人が決して支配できない自然災害を、俺の筋肉は再現していた。
「ば、ばかな! これは千年前に世界を支配した大邪神ガイザール様の究極の魔法、【ゴッドジャッジメント】!?」
いや、全然物理ですけど。
俺は白目を剥きながらそんなことを思う。
一体どうなってるんだよ、俺の筋肉は。
「ようやく分かったぞ……。最強だったガイザール様がお亡くなりになった理由が。お前がガイザール様を滅ぼしたんだろう、大魔法使いギル・リンバース! ガイザール様の魔法を奪ったな!」
いいえ、人違いです。これは俺の筋肉が勝手にやったんです。
……と答えそうになったがそうはいかない。俺は魔法師団の団長としての立場を守らないといけないんだ。ここは肯定あるのみ。
「そ、そのとーりだ」
あまりにも嘘すぎて、声が震えてしまった。
というかどうでもいいけど、なんで千年前の魔法のことをただの盗賊の親分であるお前が知ってるの?

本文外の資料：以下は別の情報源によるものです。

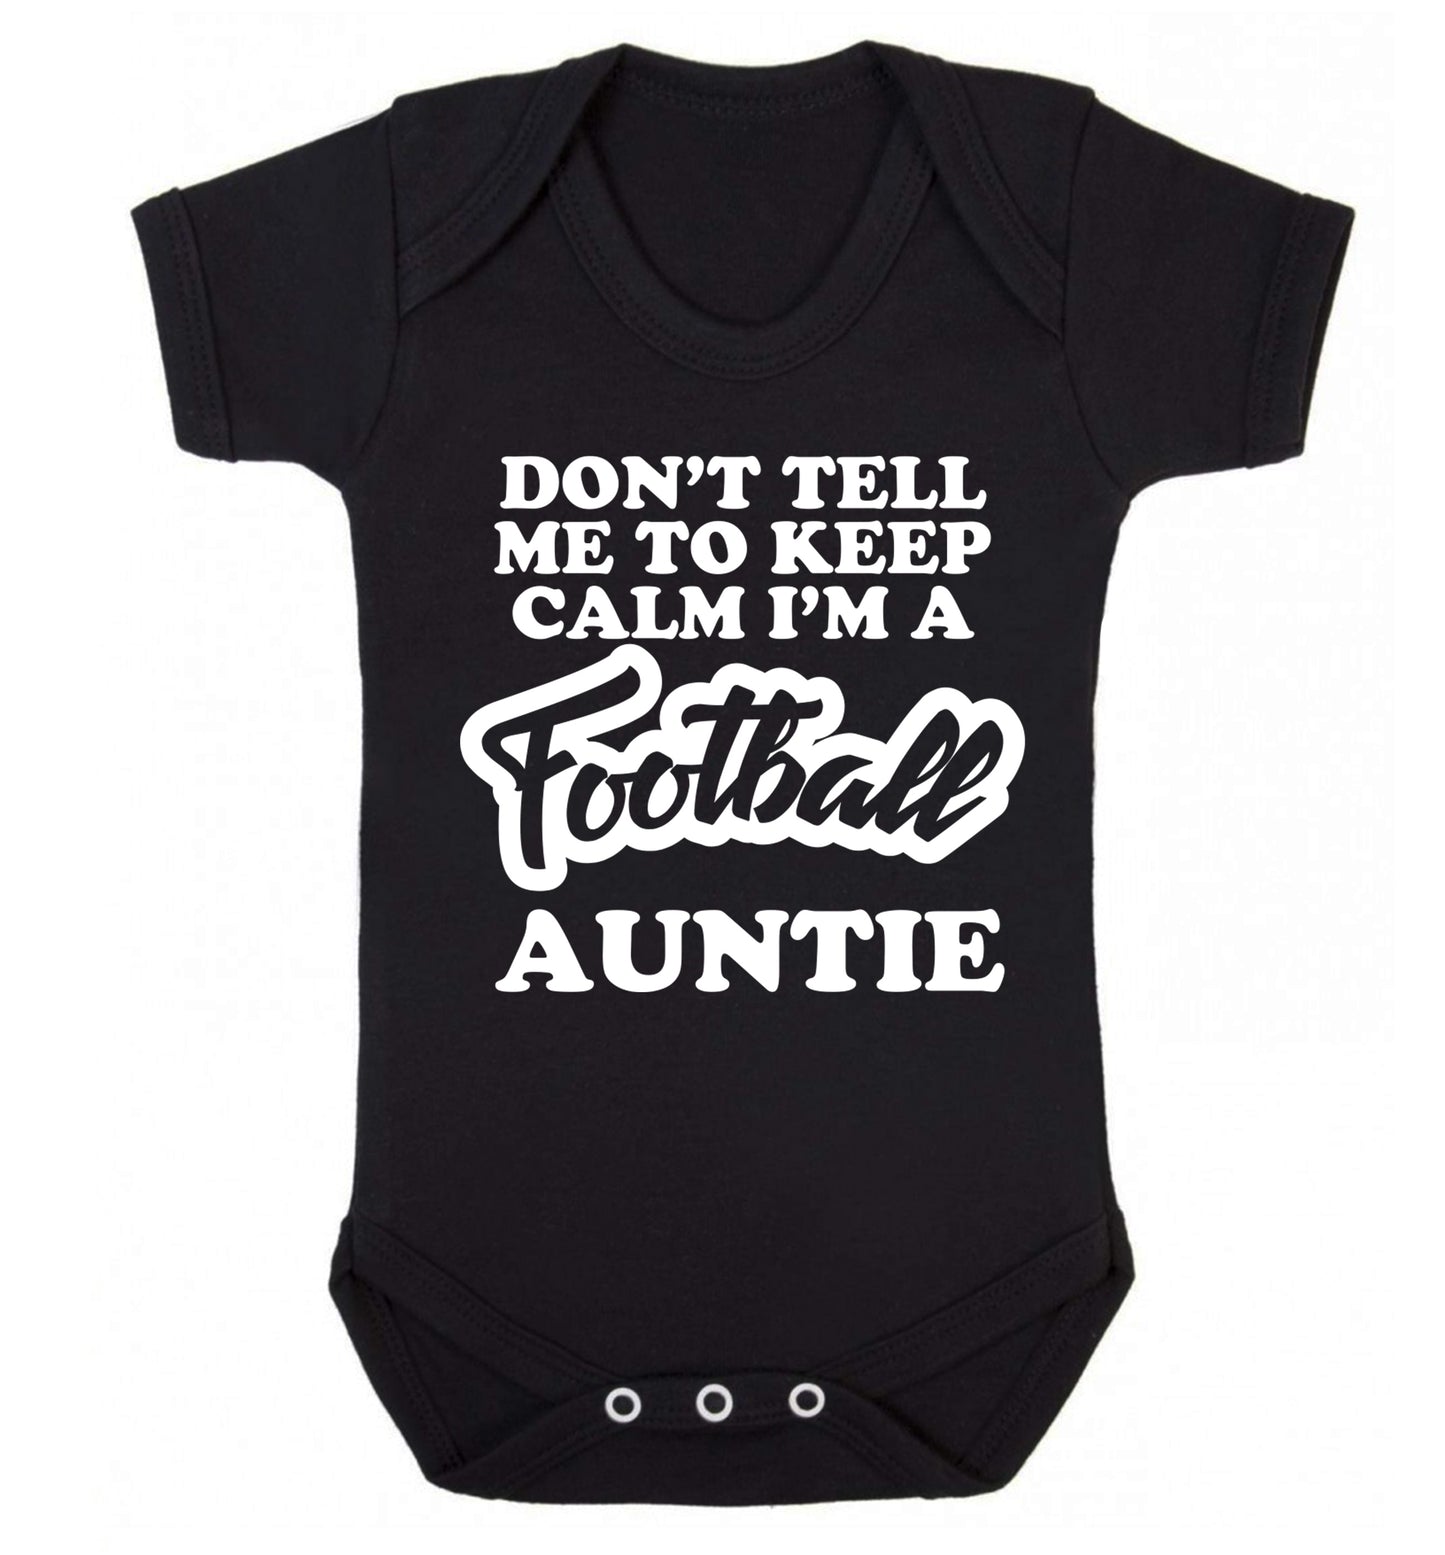 Don't tell me to keep calm I'm a football auntie Baby Vest black 18-24 months

「ちくしょおおお! まさか、こんなところで大魔法使いと出くわすとはっ……! 申し訳ありませぬ、ガイザール様ぁあああ!」
雷の螺旋に飲み込まれて、盗賊の親分は消し炭になった。
他の盗賊達も既に塵一つ残さずに死んでいる。
それと共に、螺旋はほどけて消えた。
もしかしたら、この親分にも裏設定があったのだろうか。原作にはガイザールなんて邪神、名前すら出てこないし。
「ギル様!」
部下達が駆け寄ってくる。
そして一斉に跪いた。
「あれほどの魔法を使いこなせる大魔法使い様だったとは知りませんでした!」
「やはり何かお考えがあって悪党のフリをしていたのですね!」
「一生ついていきます!」
こ、これはいかん。あまり担ぎ上げられると勇者と接触する羽目になるかもしれない。俺は目立ちたくないんだ。悪役でも勇者でもなく、普通でいいんだよ。

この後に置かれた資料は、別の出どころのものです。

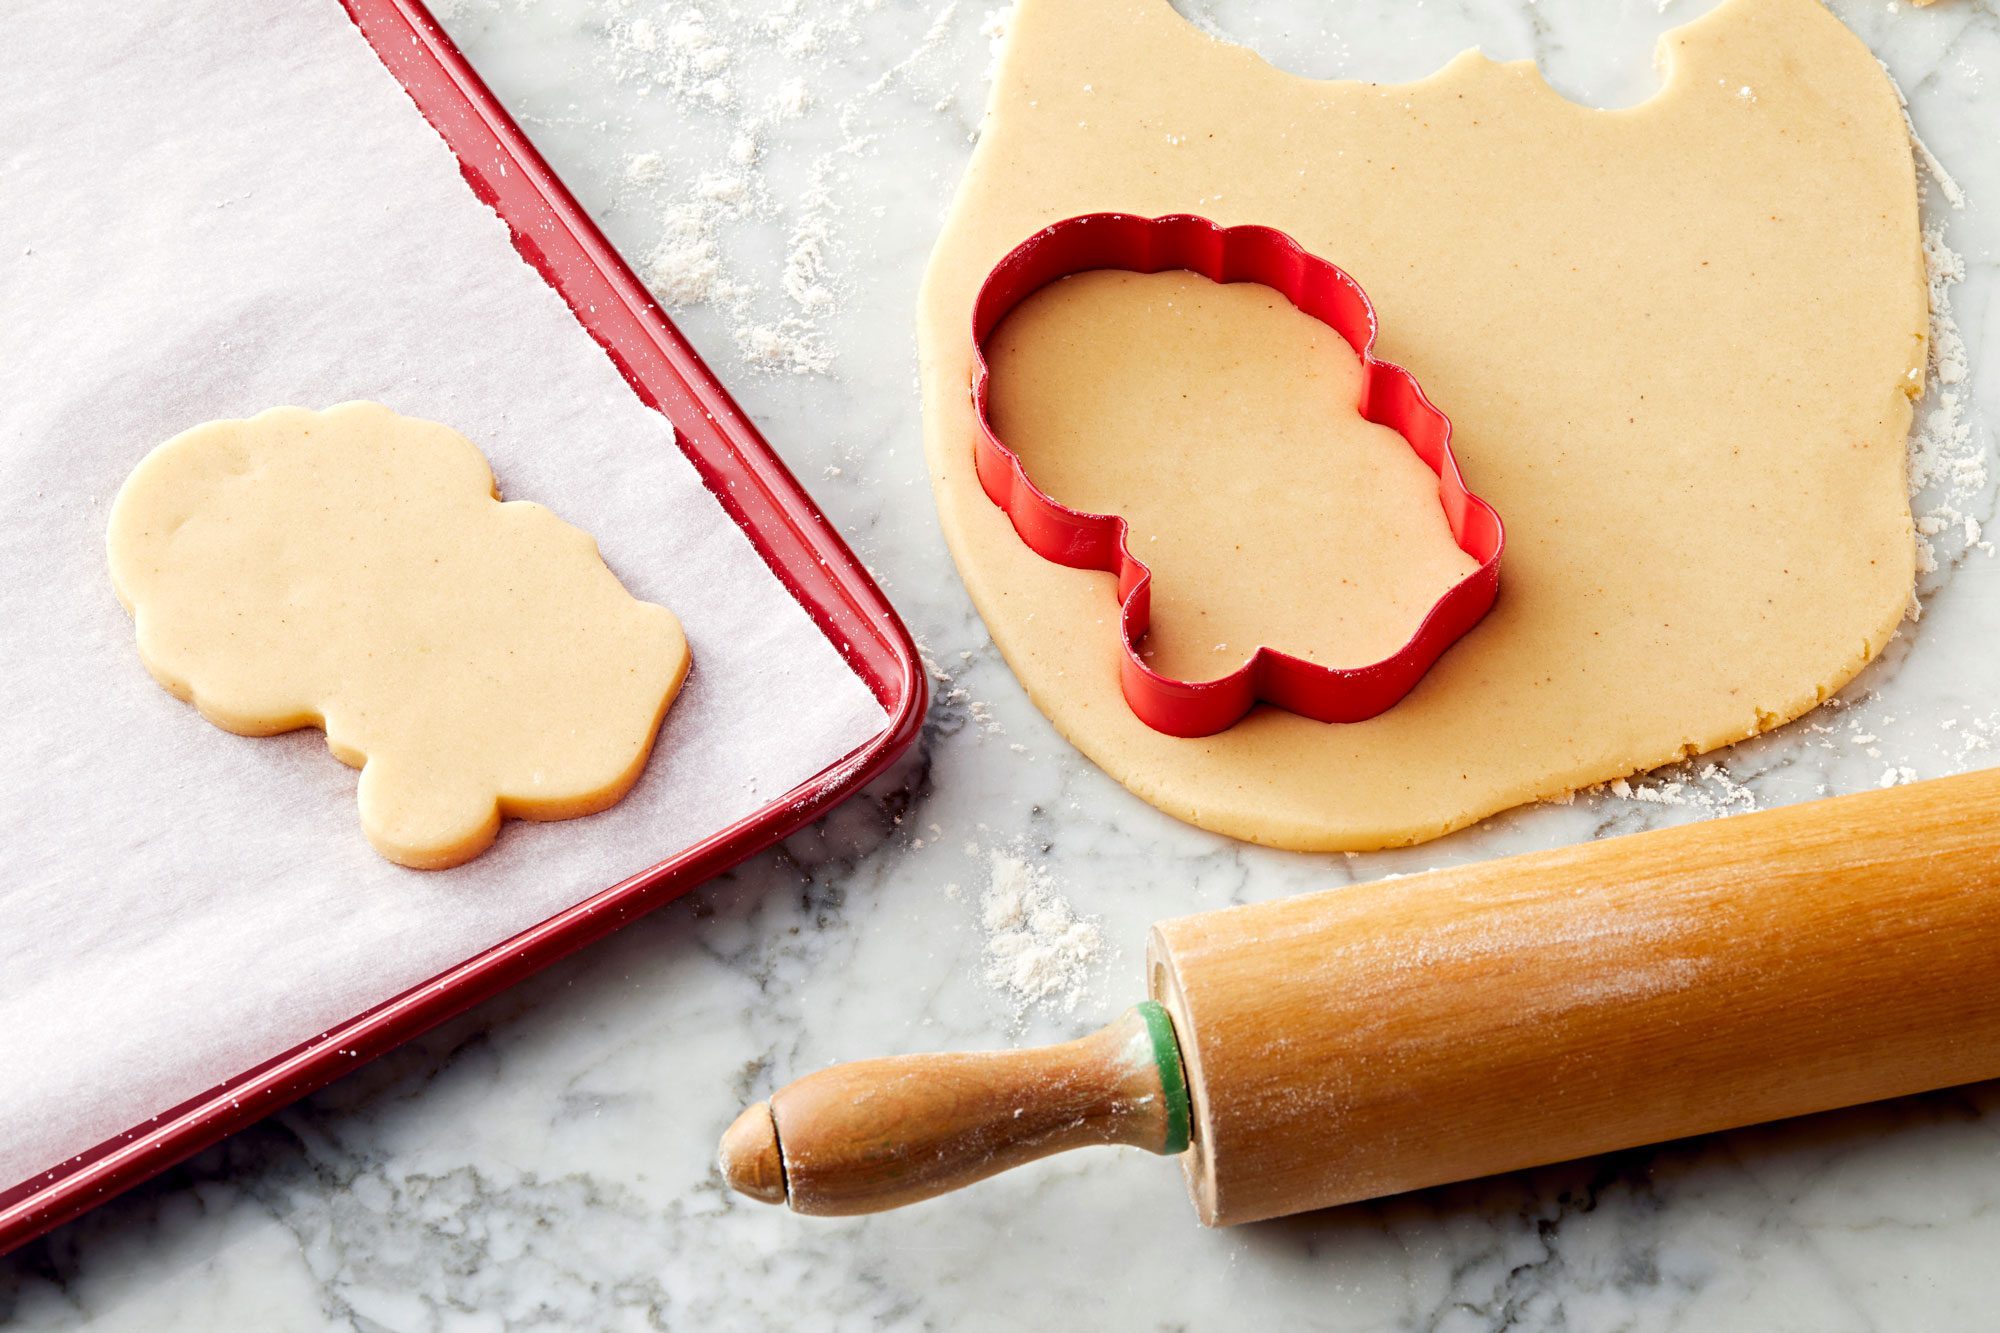 Roll each portion of dough to 1/4-in. thickness. Cut with a floured 3-in. with Santa-shaped cookie cutter.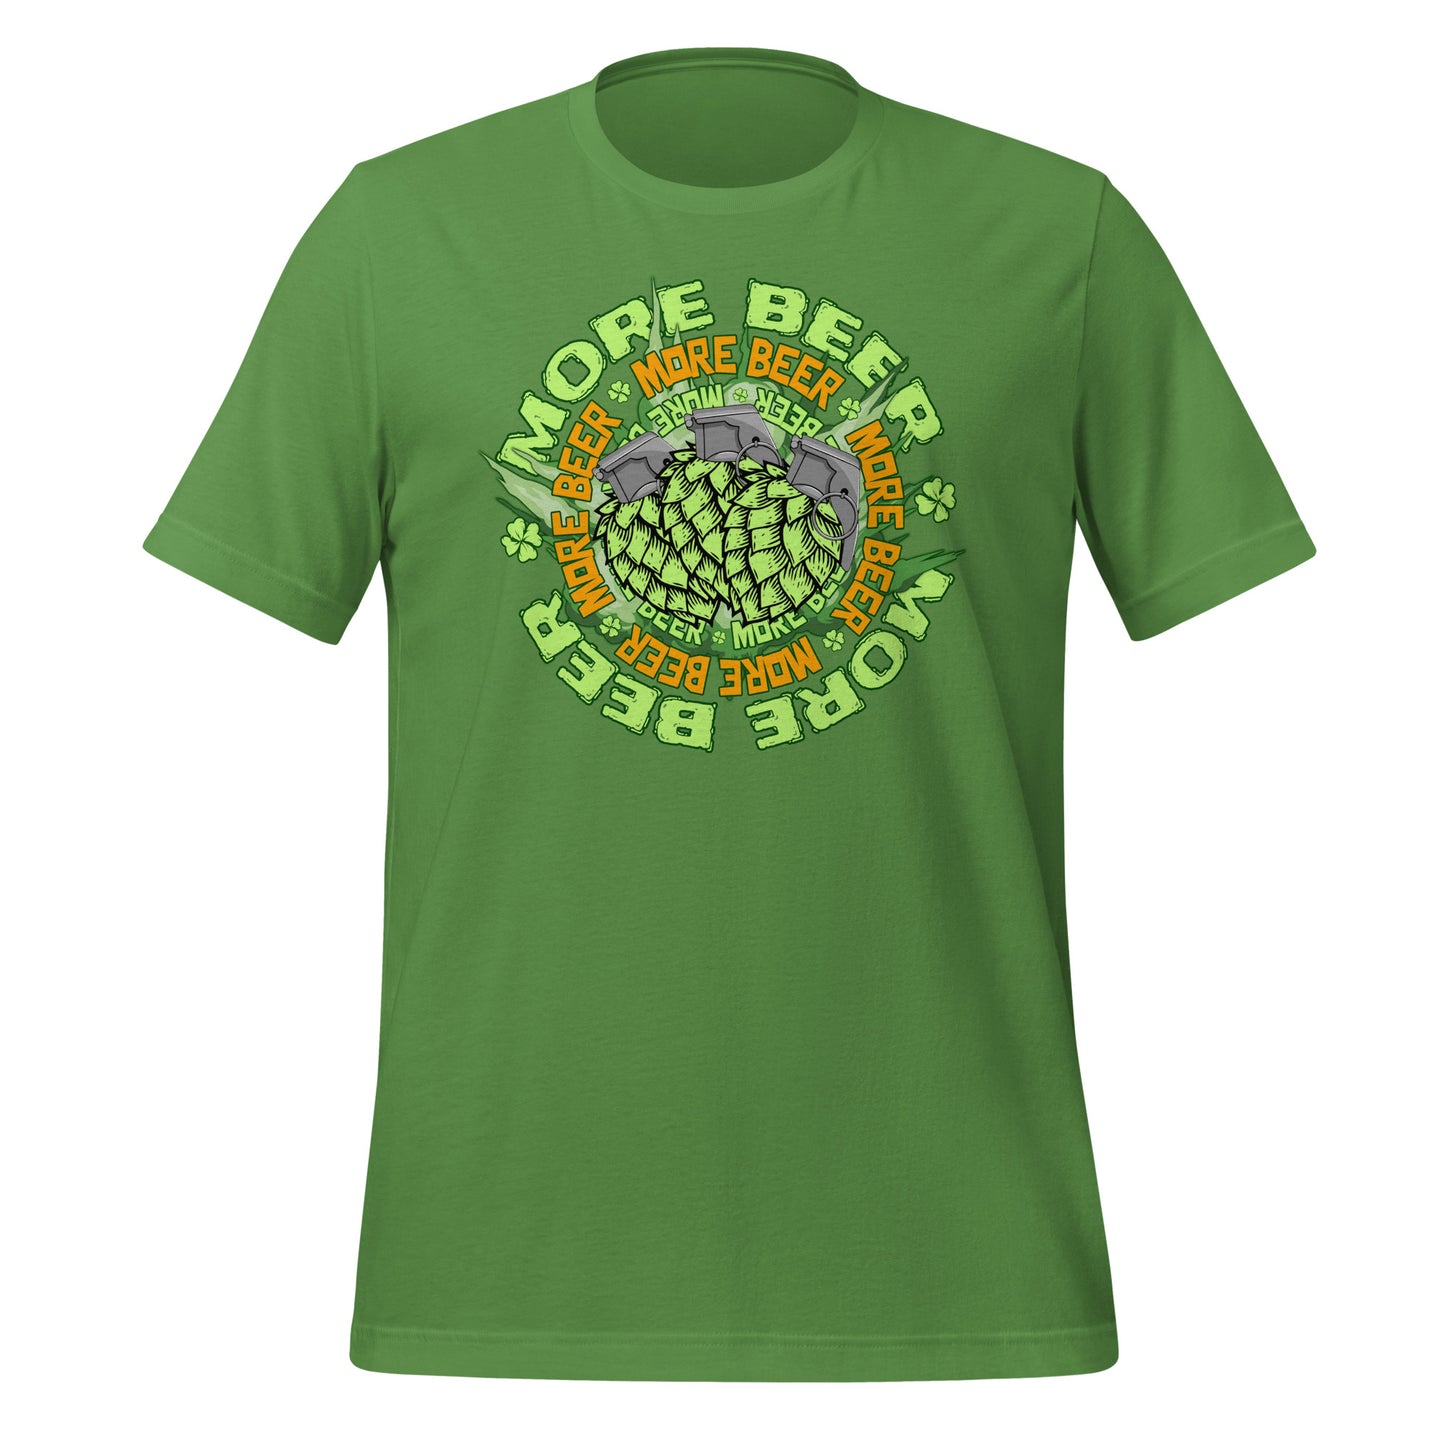 St-Patrick's-Day-More-Beer-graphic-t-shirt-leaf-green-arczeal-designs

というか、やっぱりお前達もさっきの天変地異が魔法だと思ってるのか。あれはただのパンチだぞ。
「そんなに威張ることではない。さっきのは偶然だ」
俺の答えに、部下達はまた湧く。
「偶然だなんてそんな!」
「なんて謙虚なお方なんだ……」
「流石は大魔法使い様です!」
「い、いや本当に──」
俺が否定しようとしたら、ロゼリアが被せてきた。
「承知しております。なにか深遠なる理由があって正体を隠されているのですよね? ご安心ください! 私達は誰も口を割りません!」
熱く語るロゼリアに、部下達が追従する。
やばい……。傷が浅い内に否定しないと。
そう思った俺は、ごくりと唾を飲み込んで、言った。
「わ、分かればいい。内密に頼むぞ」
また嘘をついてしまった。
部下達のキラキラした瞳に負けたのだ。
彼らの期待の眼差しを否定することは、俺にはできなかった。
あと、褒められてちょっとだけ気持ちよかった。
しかし……これでもう後戻りできなくなったかもしれない。ひょっとして、勇者に殺されるシナリオに突き進む可能性が高くなったんじゃないか?
俺は少しの不安と罪悪感を抱えながら、街へと帰還した。